The only scenario where models disagreed under Utilitarianism (Claude=NO, Gemini=YES, GPT=YES) was the Transplant dilemma. Claude invoked rule utilitarianism — arguing permitting organ harvesting would collapse medical trust and produce greater long-run harm — while Gemini and GPT applied straightforward act-utilitarian arithmetic. Evidence that persona adoption depth varies across models.

Claude exhibits the doctrine of double effect

Claude consistently redirected existing threats (Trolley, Plane, Crane) but refused to use a person as a means even under identical numerical stakes (Hospital, Transplant). This distinction reflects the doctrine of double effect operating beneath Claude's default reasoning — not prompted, but emergent.

Models split along virtue vs. care ethics divide

When prompted with Virtue/Care Ethics, Claude, Gemini, and GPT-5.5 each interpreted "caring and virtuous agent" differently — splitting along the Benner (1997) tension between virtue ethics (character-focused) and care ethics (relational-focused).
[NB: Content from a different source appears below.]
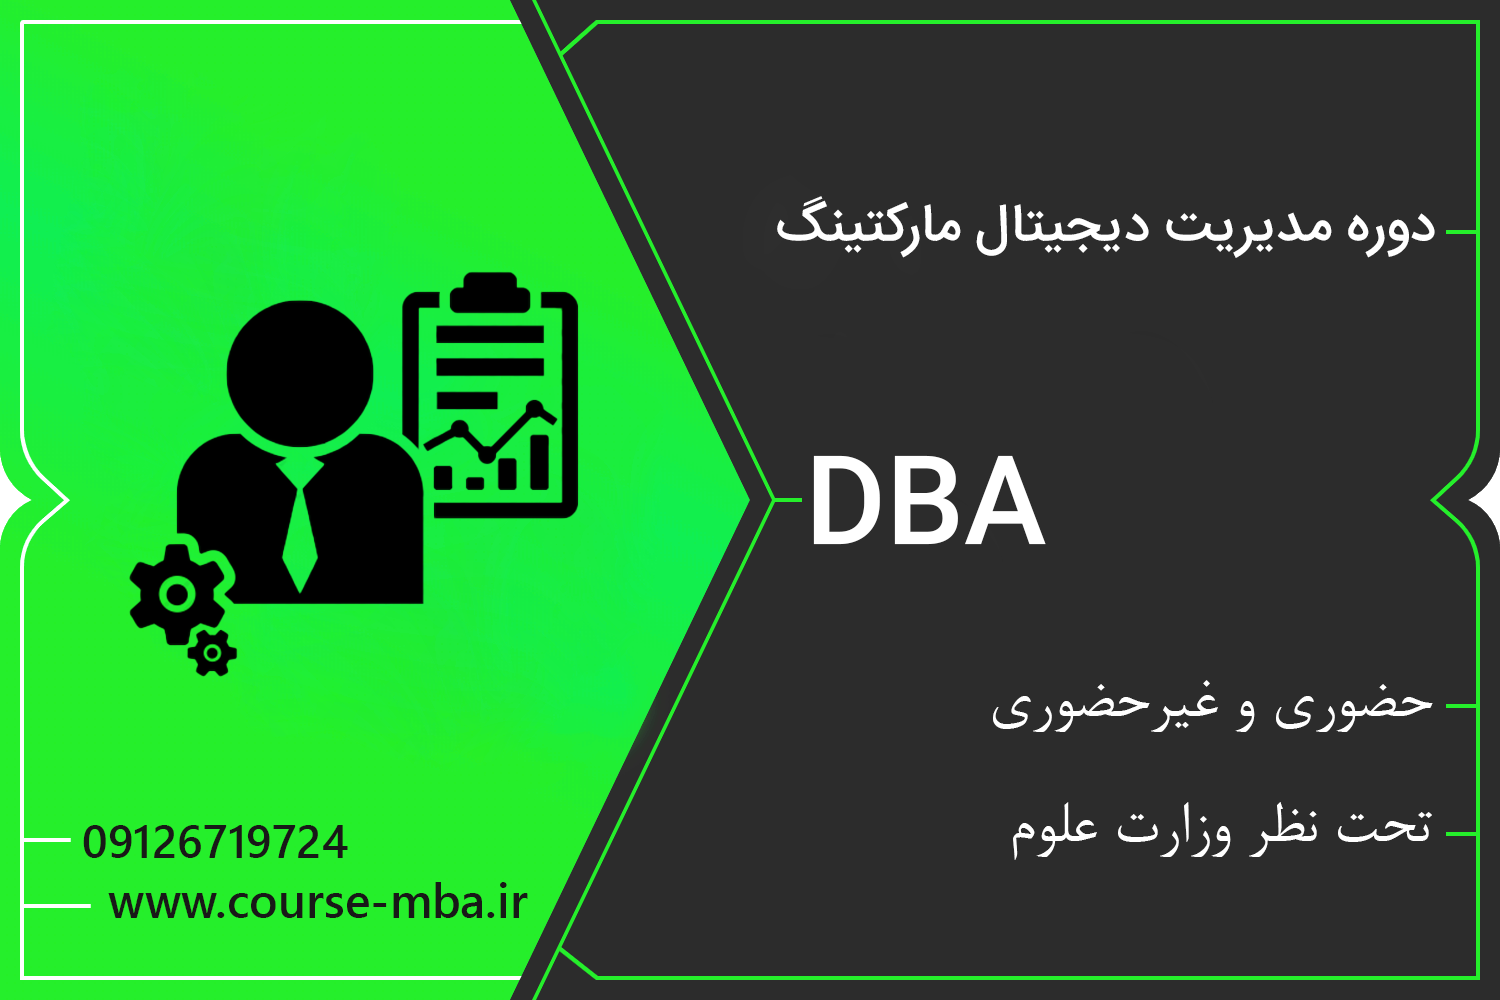 دوره DBA مدیریت دیجیتال مارکتینگ | مدرک DBA مدیریت دیجیتال مارکتینگ
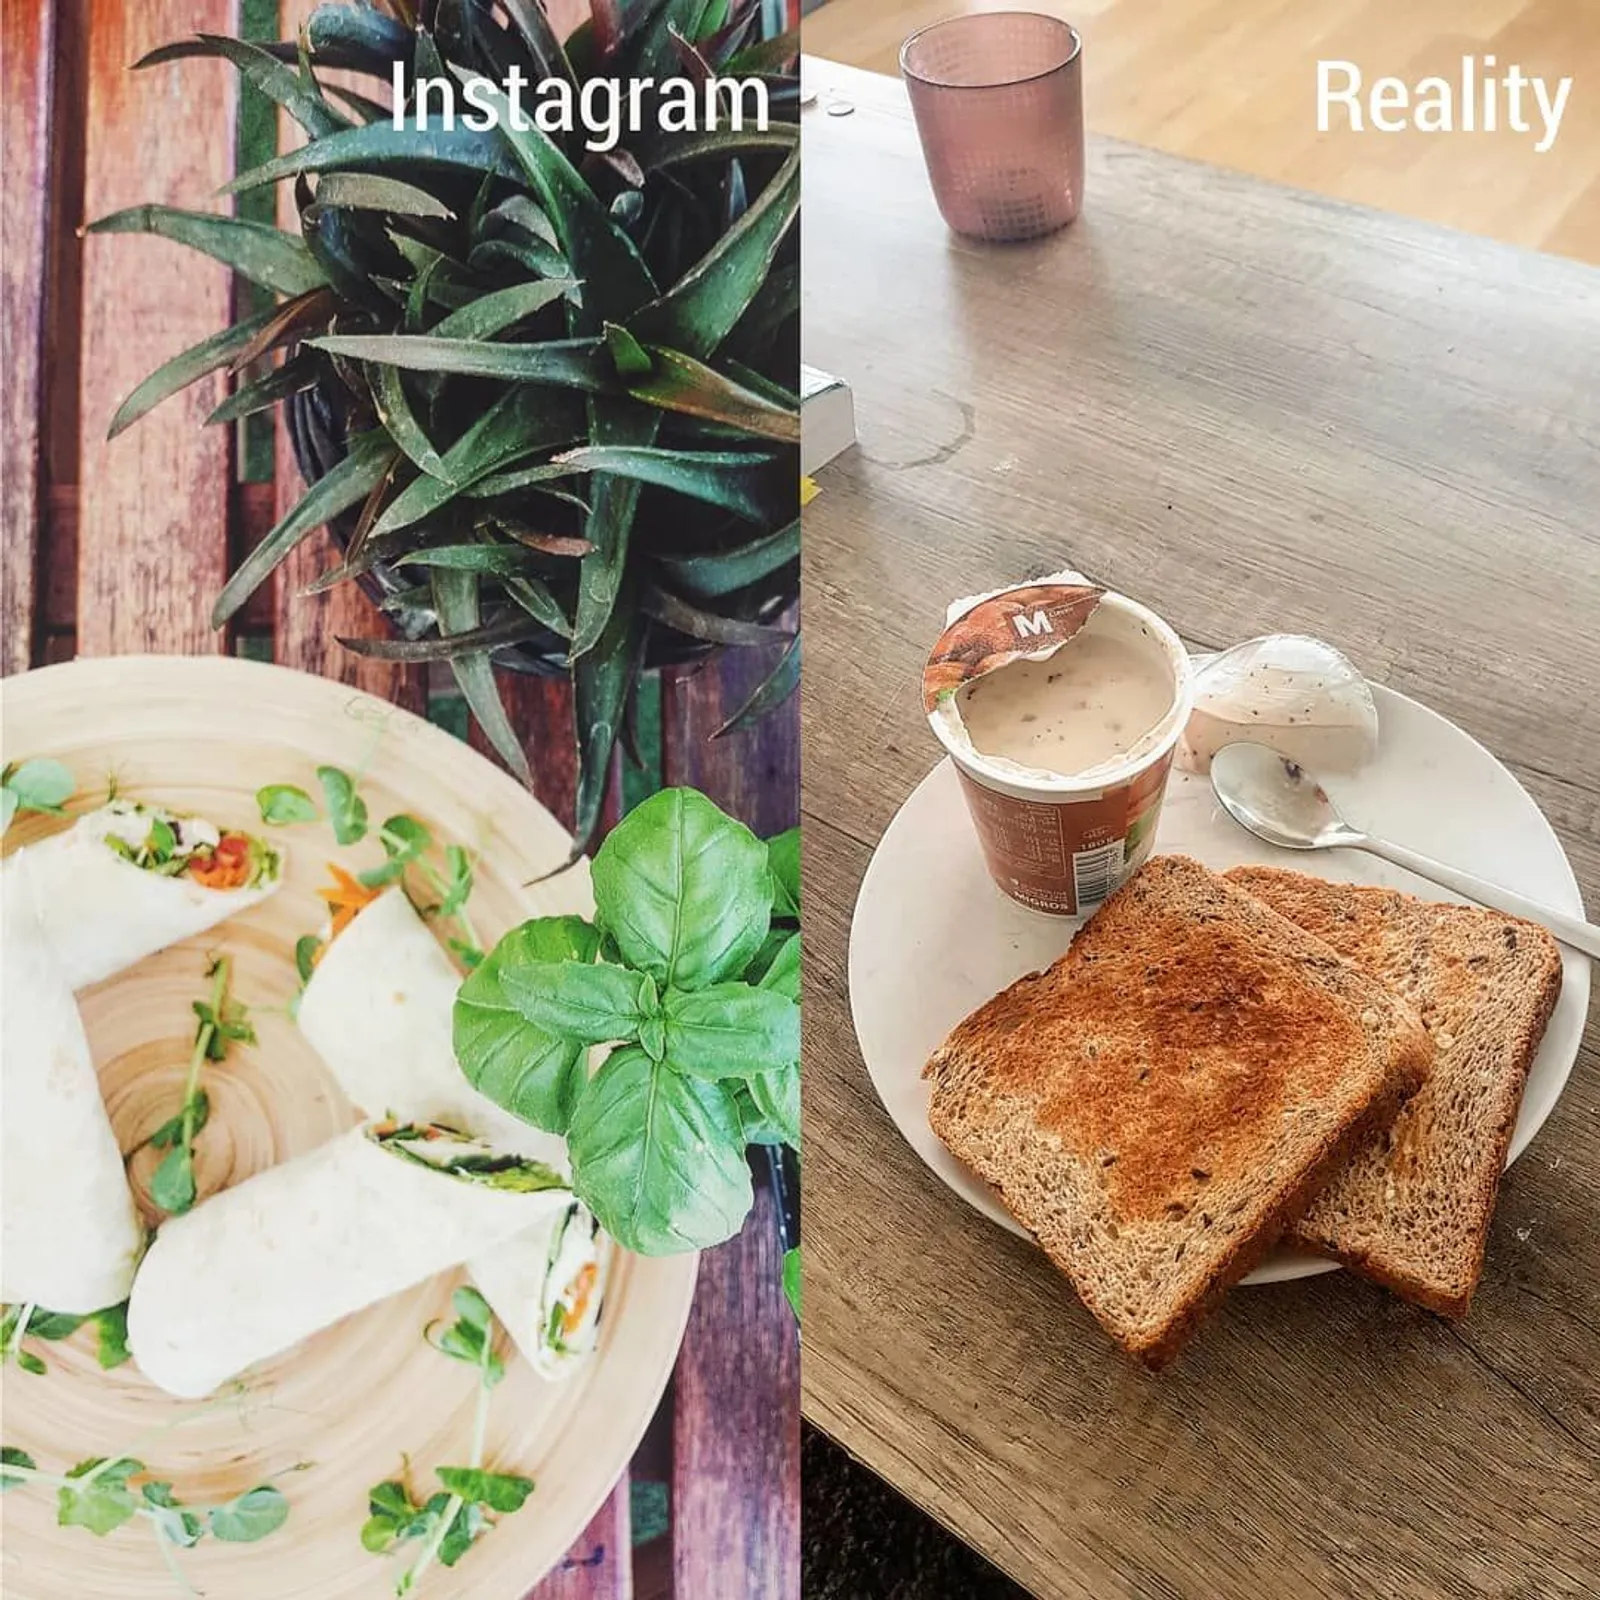 Nggak Secantik di Instagram, Ini 10 Foto Nyata Si Pencinta Makanan

The models mapped onto real philosophical distinctions without being instructed to distinguish them.

Reflection

Limitations & Improvements

This study was a solo research project with a controlled but limited scope. Several limitations shape the strength of the conclusions and point toward clear future directions.

Persona philosophical specificity varies

Rights-Based and Deontology are tightly defined; Virtue and Justice are inherently pluralistic with no single canonical decision procedure. Future iterations should operationalise more specifically — e.g. Rawlsian justice rather than "justice/fairness."

Single response per condition — no reliability check

With one response per scenario per persona, it's impossible to distinguish a stable moral judgement from a probabilistic output. Running each condition 3–5 times and taking the majority decision would significantly strengthen reliability claims.

Binary YES/NO flattens nuance

Several justifications show genuine moral conflict before landing on a decision. A Likert-scale confidence rating alongside the binary choice would capture this and make the analysis more sensitive to moral ambivalence.

Justification alignment not formally scored

Alignment was assessed qualitatively. Adding a systematic rubric (1–3: misaligned, partially aligned, fully aligned) rated by a second coder would give a quantitative measure for Hypothesis 2 and establish inter-rater reliability.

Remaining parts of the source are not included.